- Data block -
- Opening Delimiter -
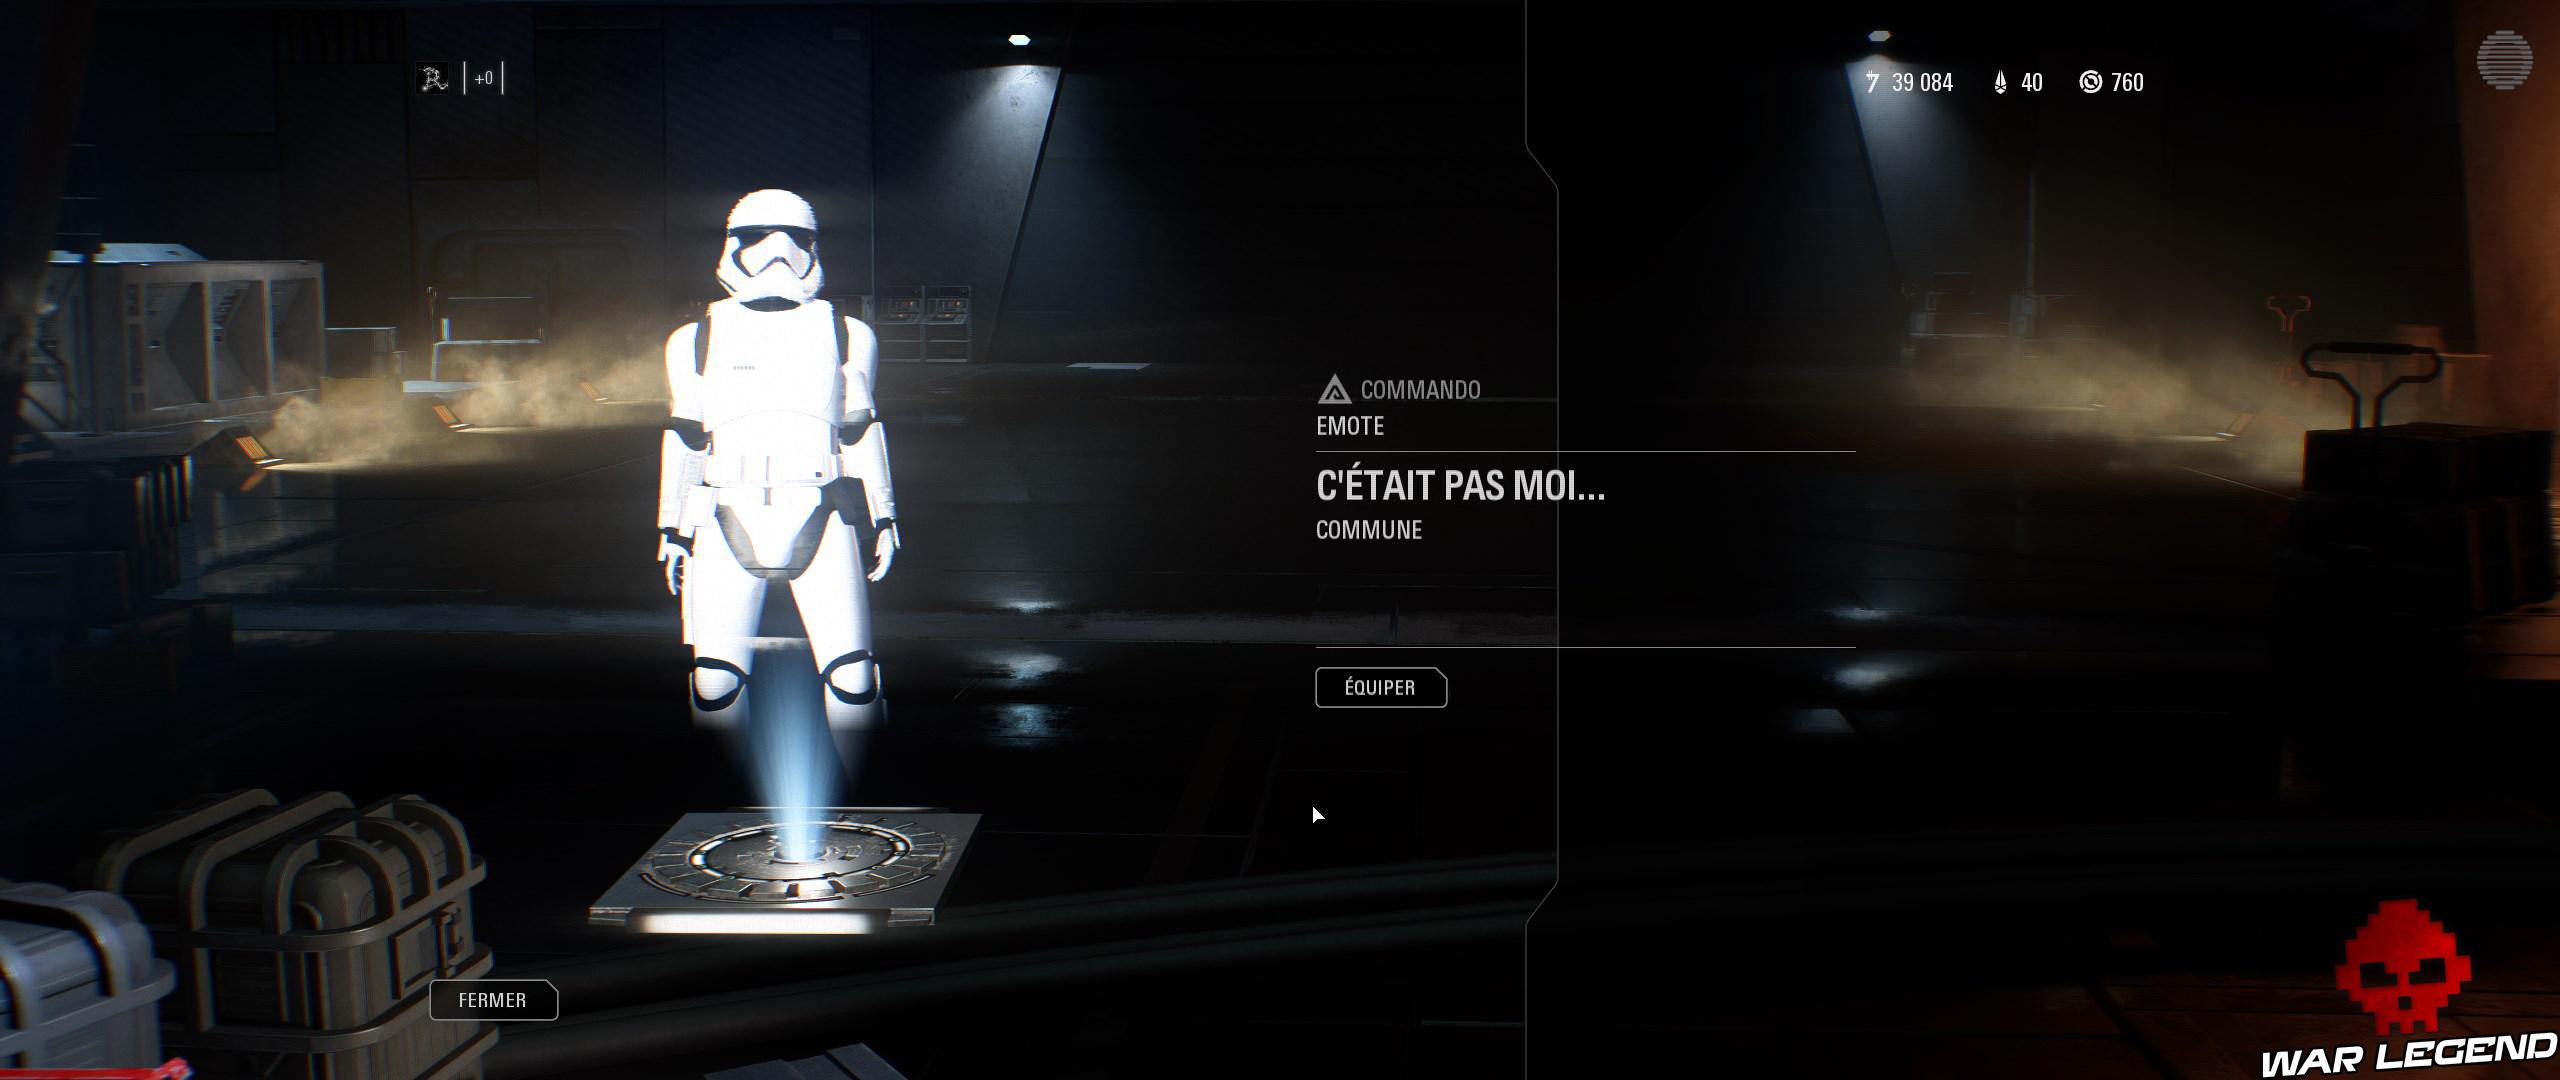 ReTest Star Wars Battlefront II emote c'était pas moi
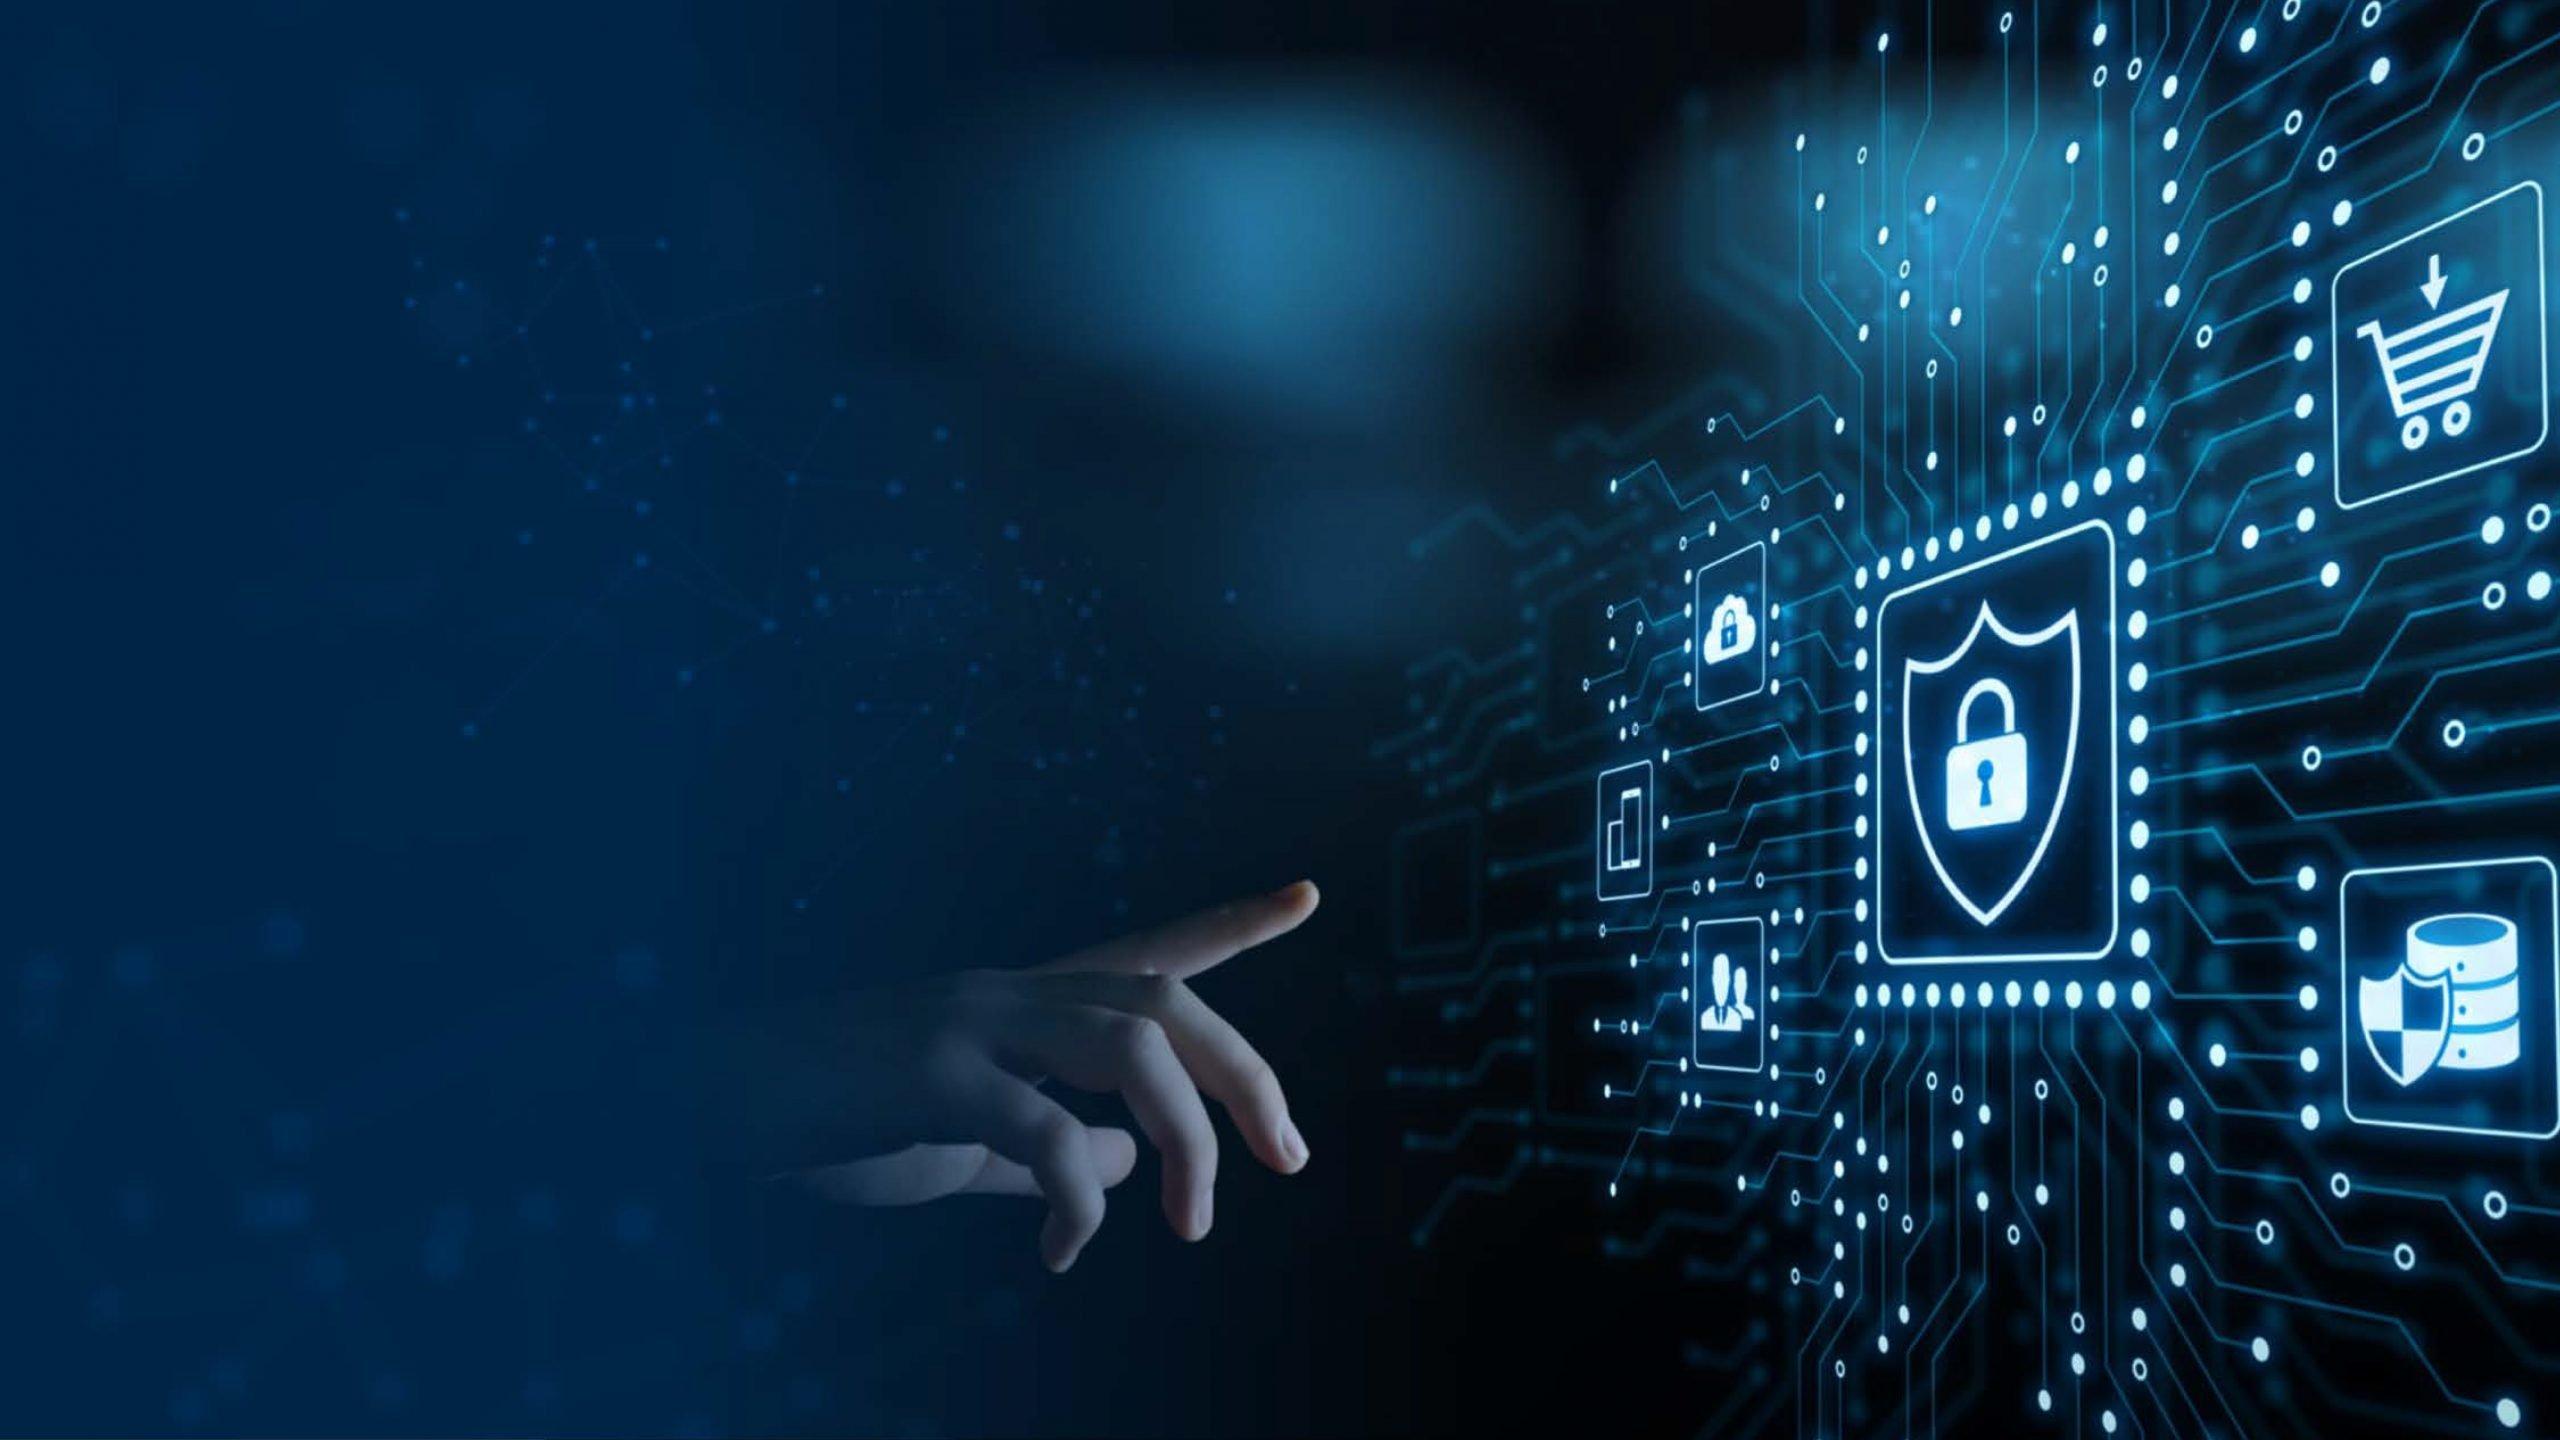 3 maneras de saber si su empresa necesita un seguro cibernético
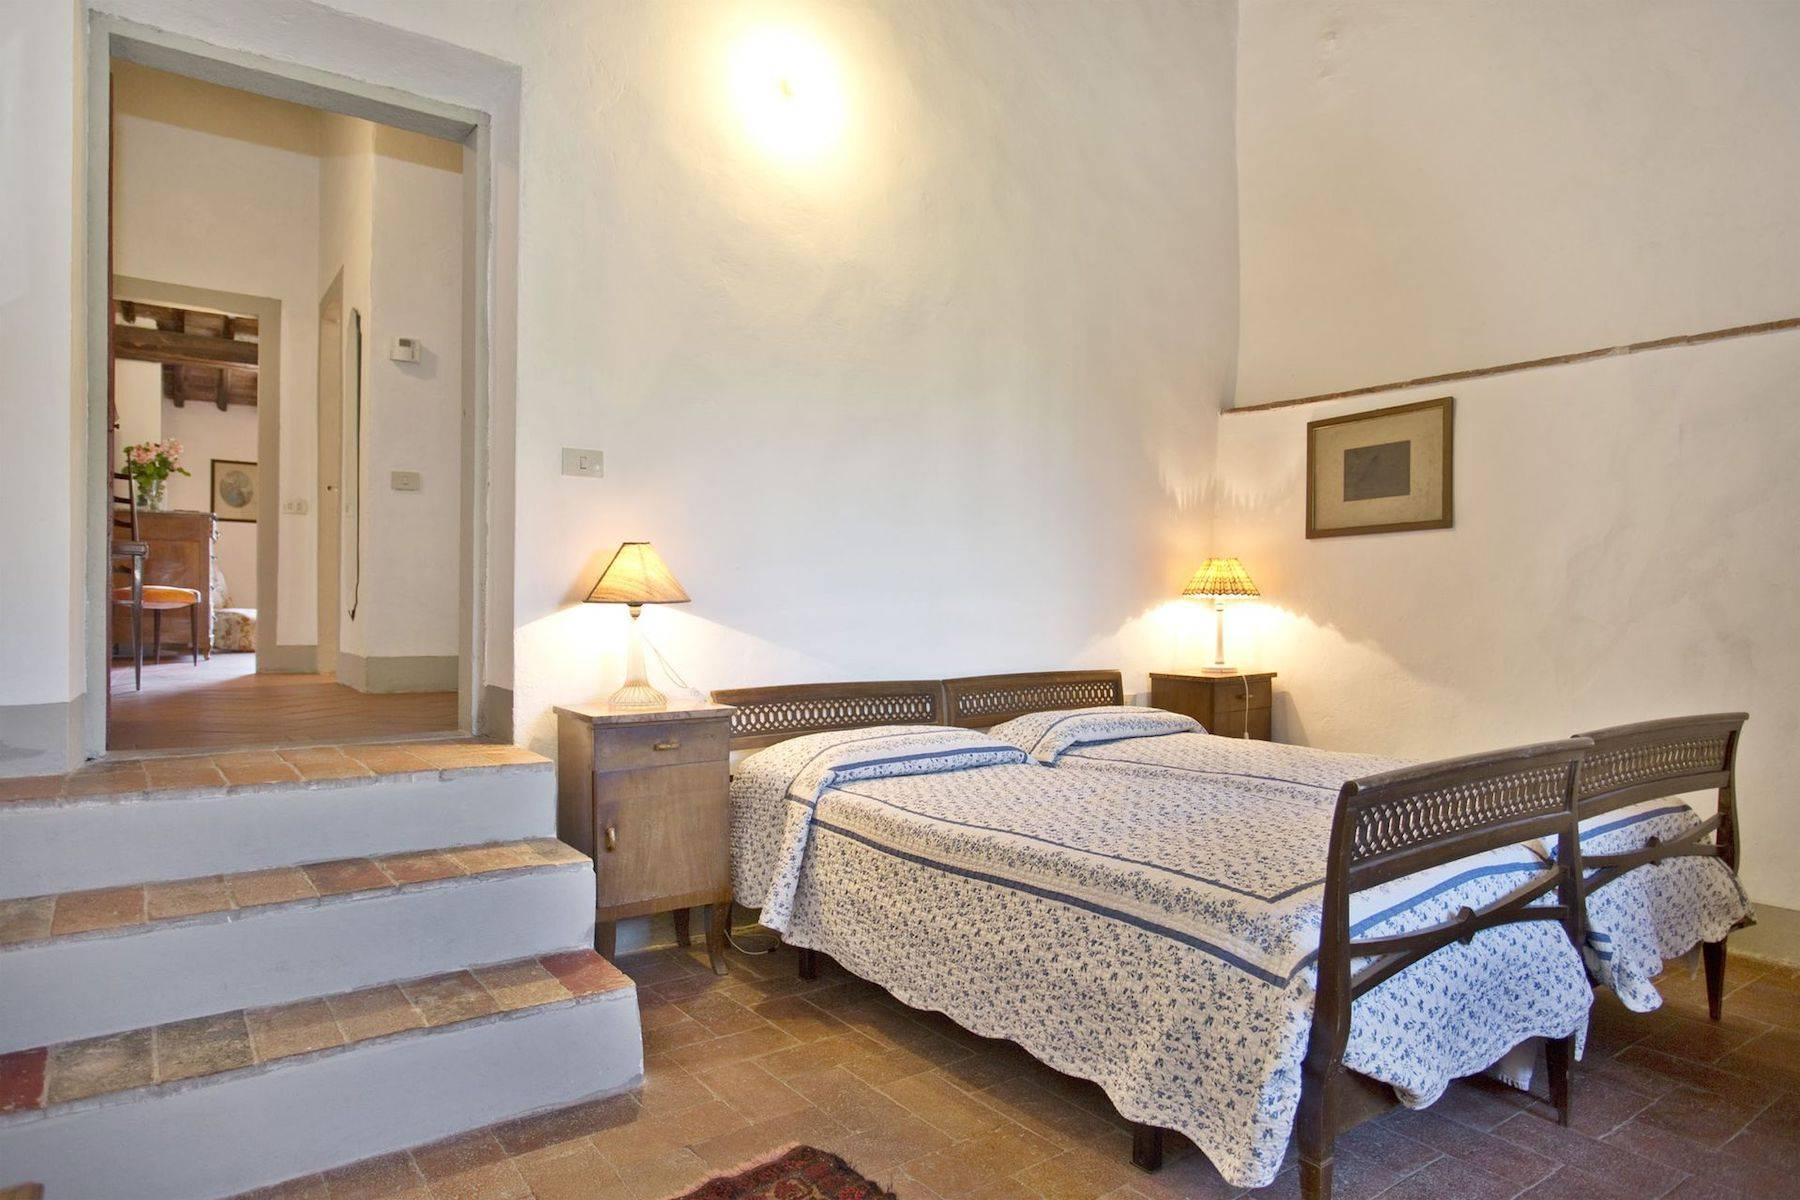 Villa in Vendita a Rignano Sull'Arno: 5 locali, 550 mq - Foto 20
- Closing Delimiter -
Copy exactly the lines from the line holding "3 maneras de" to the final line of the listing, and leave the pictures out.

- Result of the task -
 3 maneras de saber si su empresa necesita un seguro cibernético
 Villa in Vendita a Rignano Sull'Arno: 5 locali, 550 mq - Foto 20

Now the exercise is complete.